### What the exercise asks
Exclude the pictures. Transcribe exactly, and only, the lines from the one holding "DHL Express truck" to the end of the material below.

### Dataset excerpt
----------

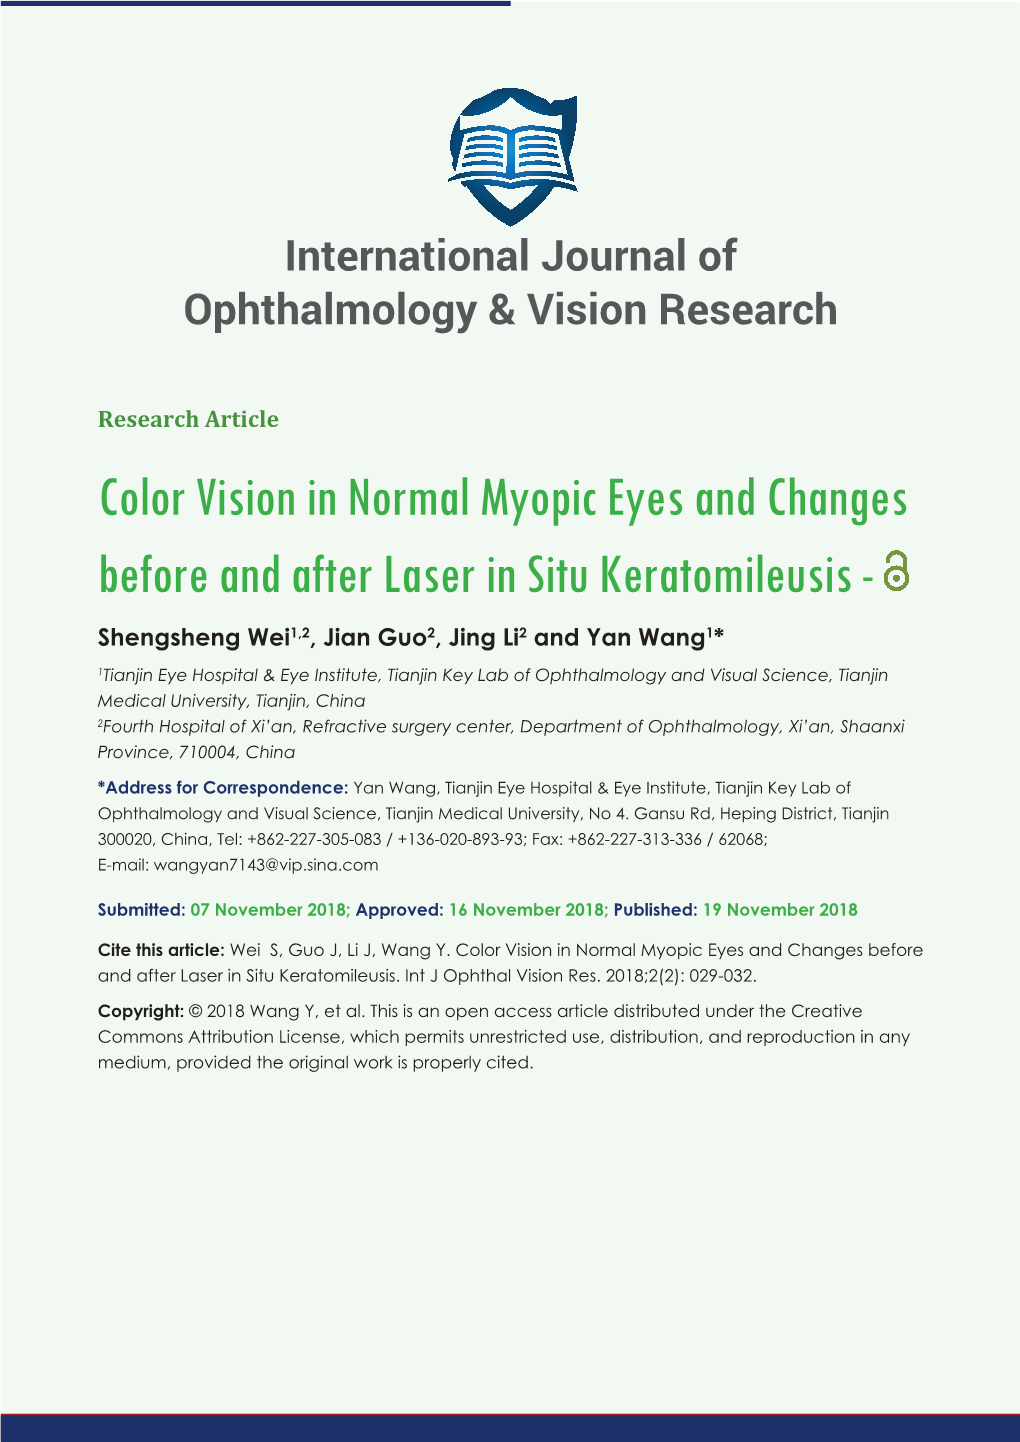 Color Vision in Normal Myopic Eyes and Changes Before and After Laser in Situ Keratomileusis
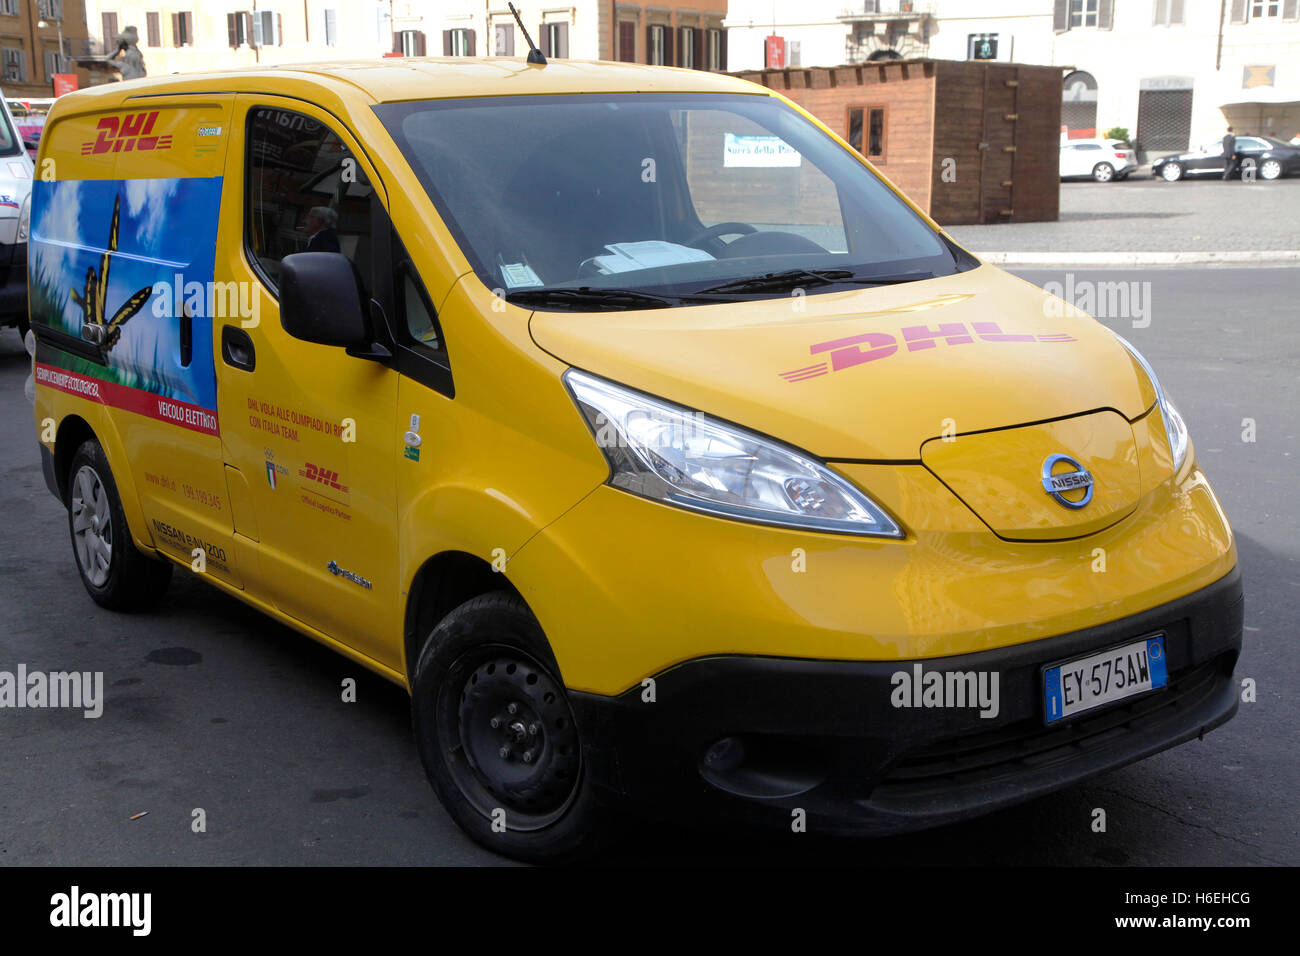 DHL Express truck in midtown Rome. DHL Express providing international express mail services Stock Photo
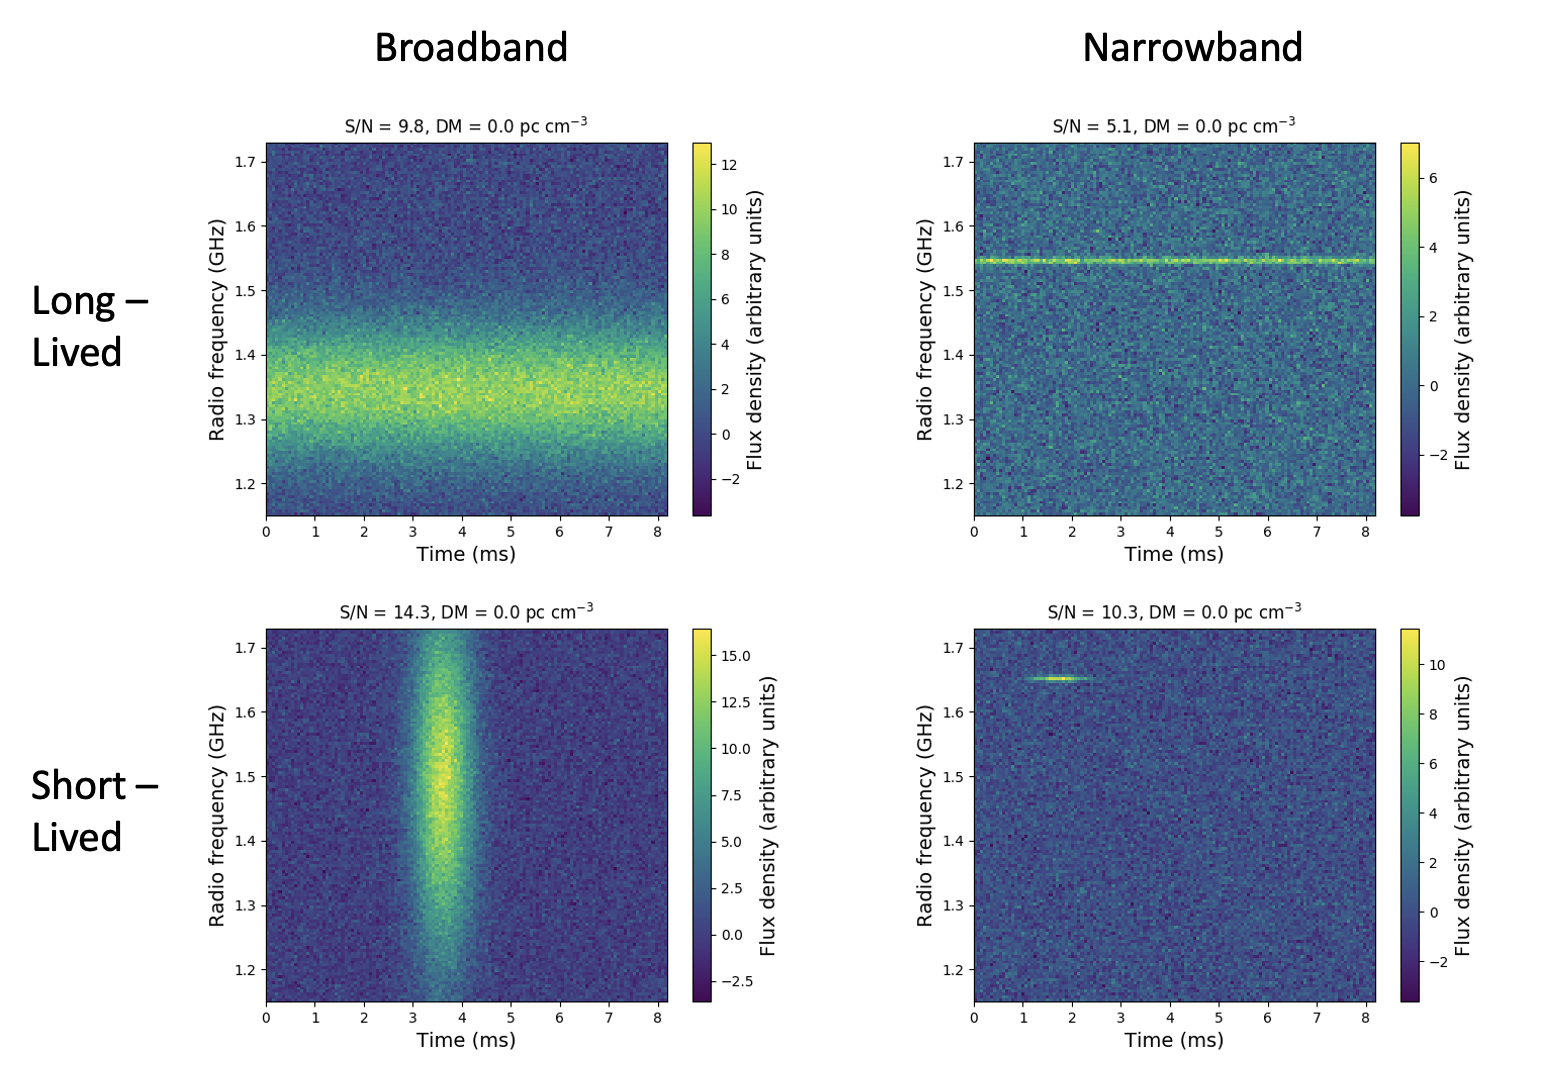 Sample frequency-time images of signals belonging to the ``llbb`` (top left), ``llnb`` (top right), ``slbb`` (bottom left) and ``slnb`` (bottom right) output classes.

----------

### Task output
 DHL Express truck in midtown Rome. DHL Express providing international express mail services Stock Photo
 Sample frequency-time images of signals belonging to the ``llbb`` (top left), ``llnb`` (top right), ``slbb`` (bottom left) and ``slnb`` (bottom right) output classes.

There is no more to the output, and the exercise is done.